1 person found this helpful
There is no "no index" tag in PDF - what you need to do is prevent the search engine from indexing the file. The most straight forward method is to use a robots.txt file on your web server and then hope that the search engine's spider program does actually honor the information in that file. In your case, that will not help, because you don't know in advance who is breaking the rules and makes the files available. To prevent content extraction, you can assign a permissions or owner password that prevents content extraction. To do that, open the PDF file is Acrobat, and then bring up the document information dialog (Ctrl-D or Cmd-D or via the menu item in the File menu). Then go to the Security tab and select to add password security. Now make sure that "Enable copying of text, images and other content" is not enabled. This should prevent a well behaved PDF indexer from accessing your content, but if somebody's software is not playing by the rules imposed by the PDF format, there is nothing you can do that would also severely restrict the usefulness of the PDF documents.
Thanks. That sounds like a good option!
Maybe someday they'll add a 'noindex' option in PDFs. It seems like something that should be easy to implement in tags or other meta content that search engines can read.
The interesting question is who is the "they" who would do that. It would need any specific changes to PDF to add more metadata, but people would prefer to see something simple in the UI (or a simple tool). But how do you persuade all of the makers of indexing tools that this is a thing they want to do? Each indexing tool would need to invest in it separately. Adobe don't control PDF any more, it is done by ISO, but they can take years to change anything at all. Anyone could invent a tag, but would it help - would it in fact give a false sense of security?
In fact it's an HTTP tag; each PDF served has HTTP data, outside it. (HTML has it inside and outside). But most web curators don't have the power to set this. Google invented noindex, they would be the people to persuade.
When a search engine ignores the robots.txt file it will also ignore this tag in a PDF file.

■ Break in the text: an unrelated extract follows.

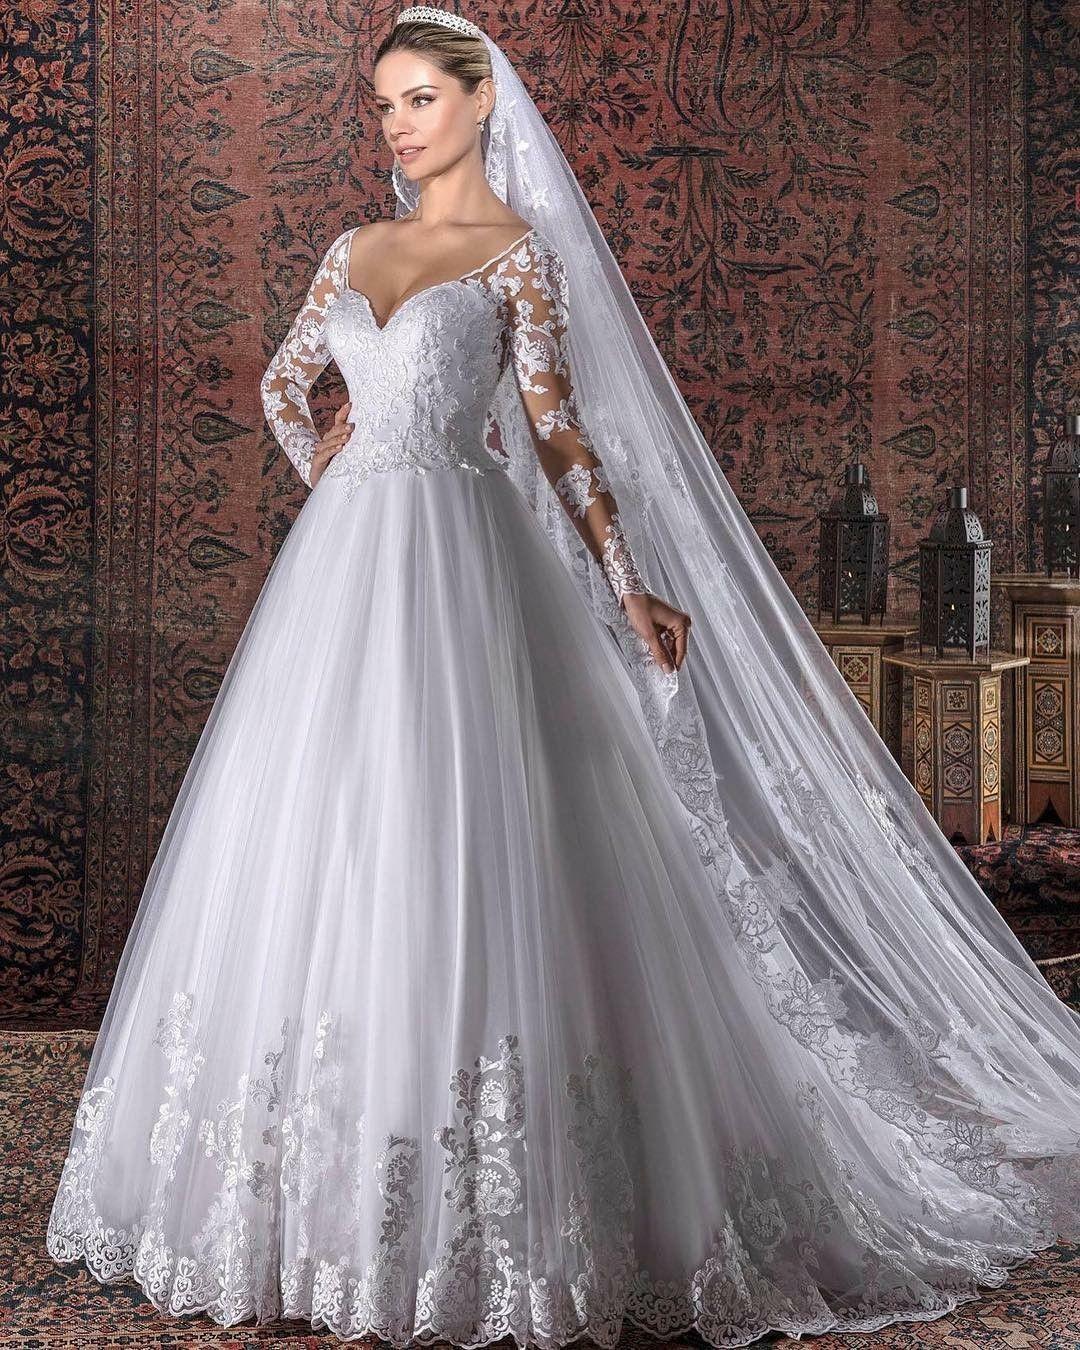 Pin By Lynn Marie On Gowns Bridal Dress Stores Bridal Dresses Wedding Dress Fabrics
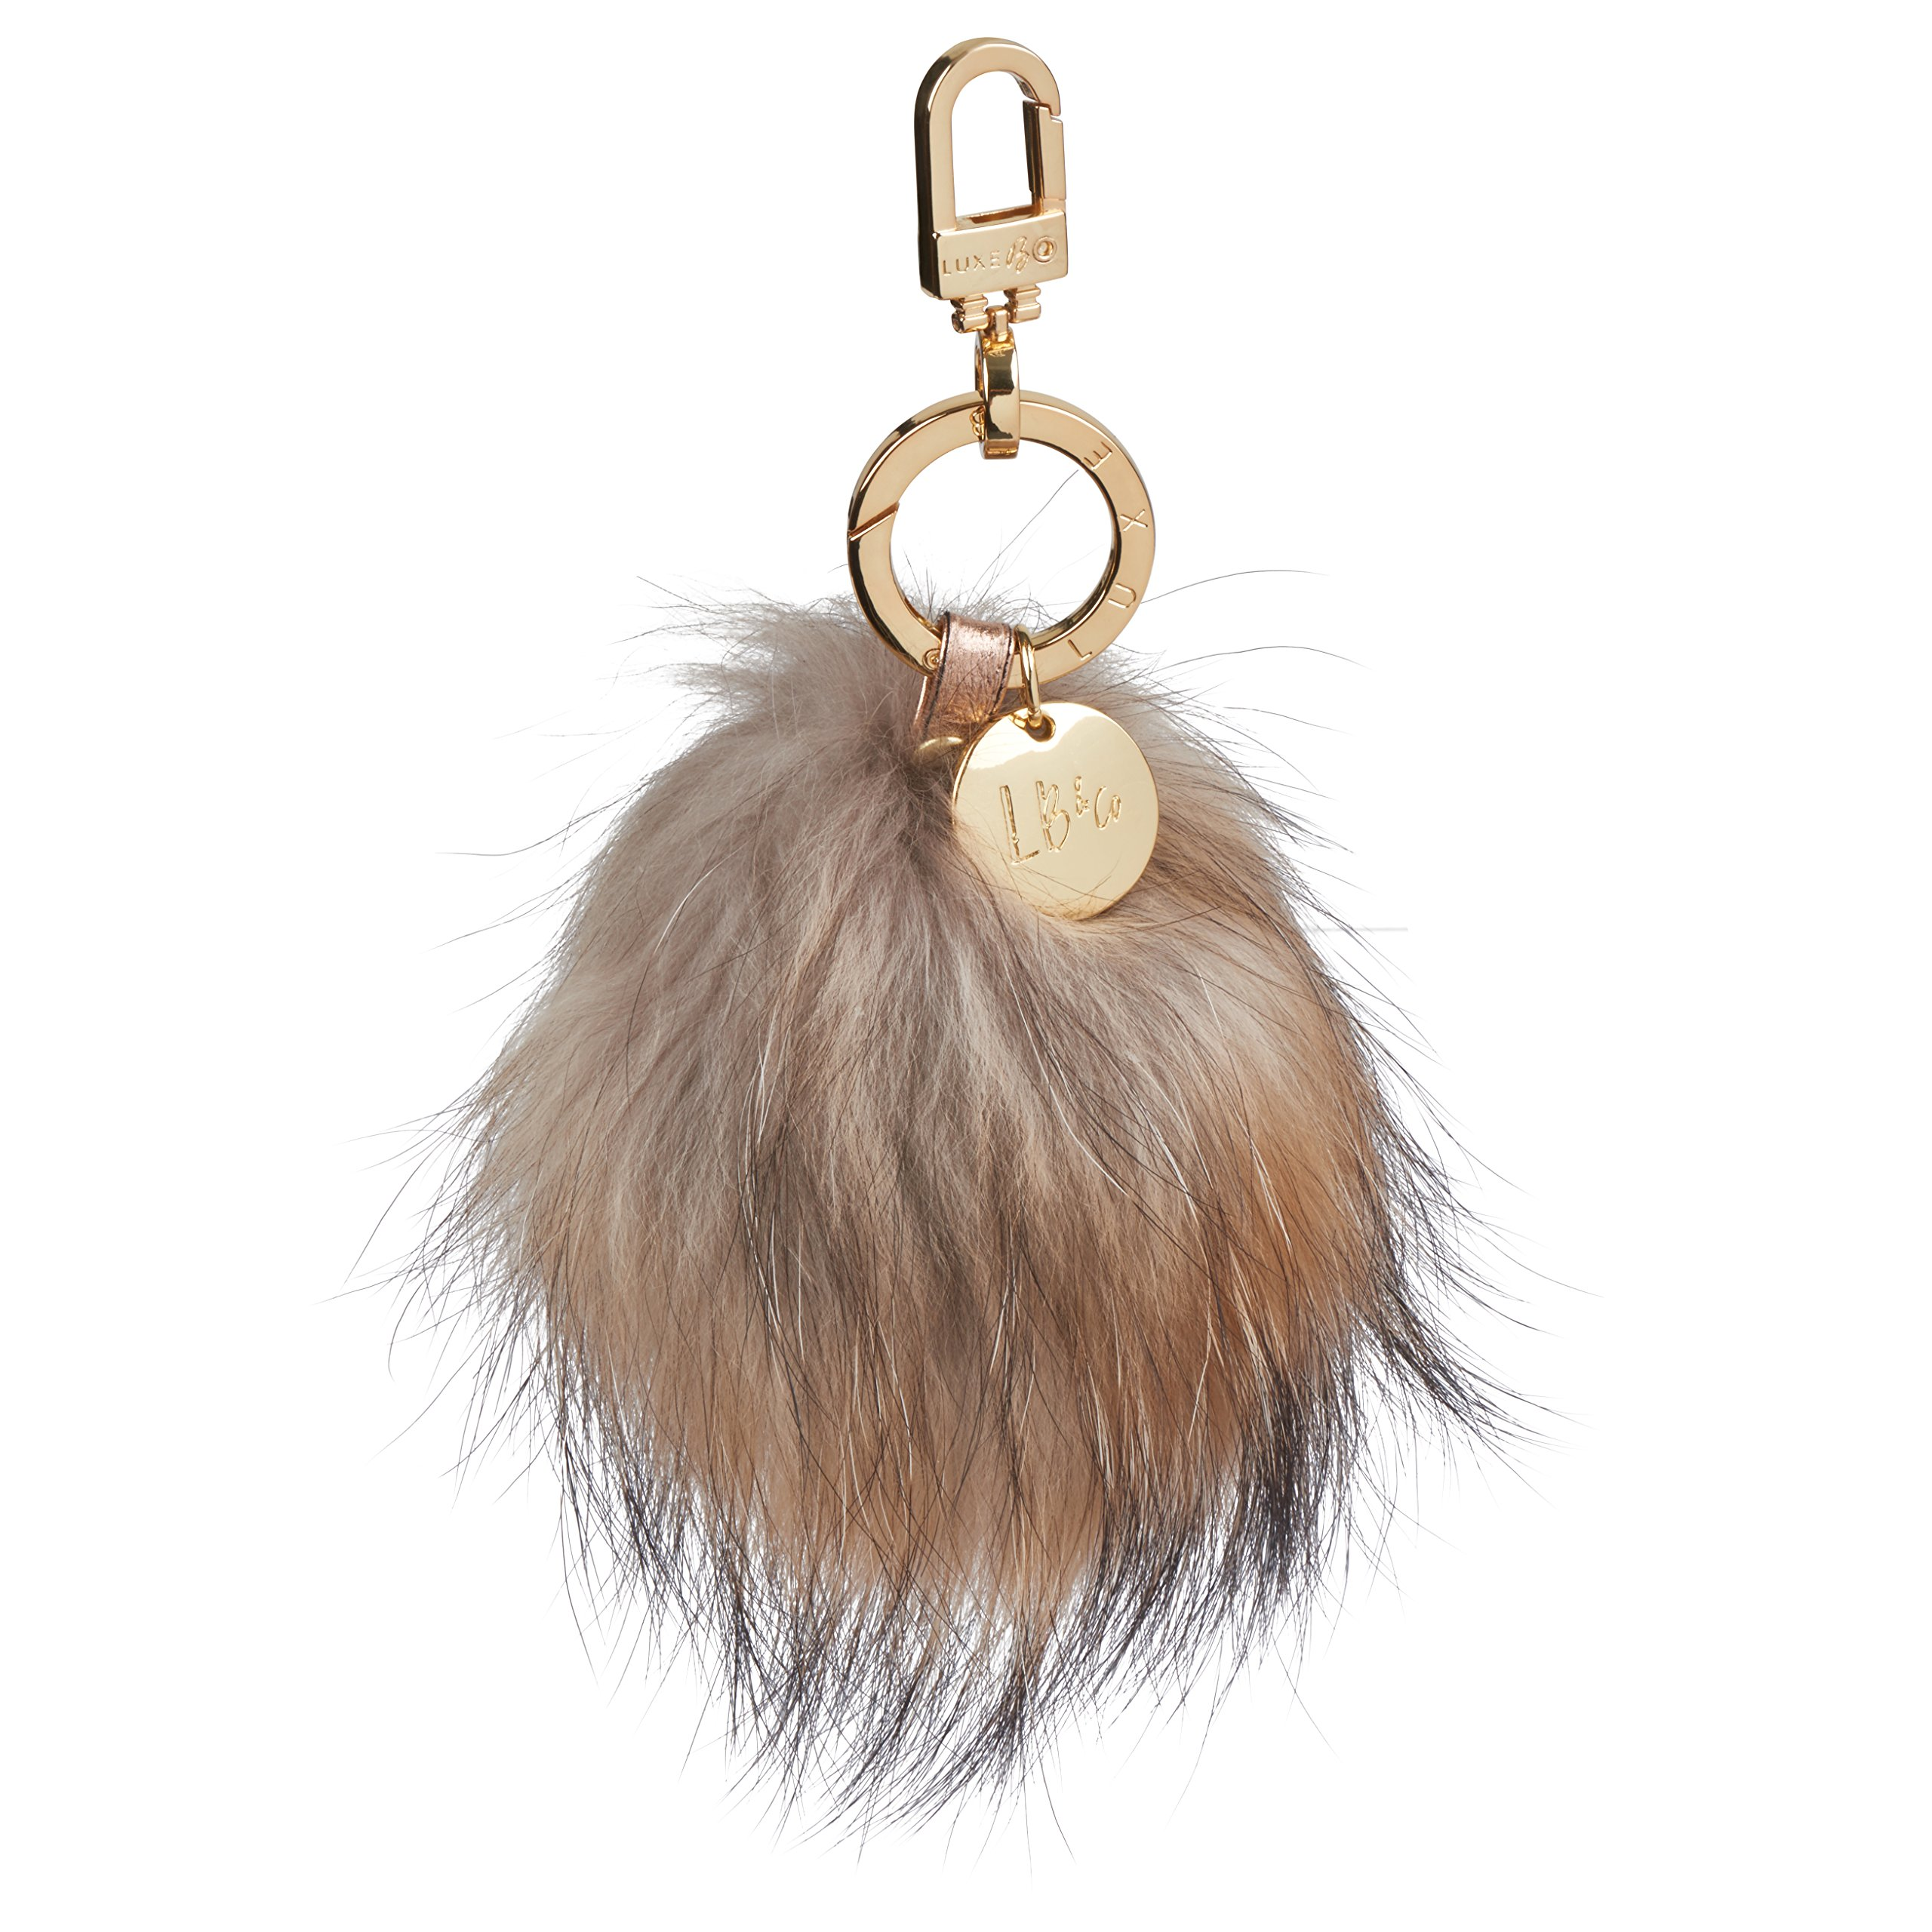 Luxe B Large fur pom pom keychain ball keychain Handbag Fur Bag Charm Fur Pom Pom (Racoon) cute keychain fluffy ball Pom Pom Keychain High-End Fashion Luxury Gold Keychain Diaper Bag Charm by LUXE B

Yes, you are correct. That is why I started the post with "encourage search engines" not "prohibit." It seems the only way truly block a search engine would be adding a password.
But I believe most mainstream search engines respect the noindex tag, so if such a tag could be added to PDFs (with ISO approval?), I believe they would also respect it.
Perhaps Google should be encouraged to respect a nonidex tag in metadata in a PDF just like they do in HTML.
Thanks for all the great comments/suggestions.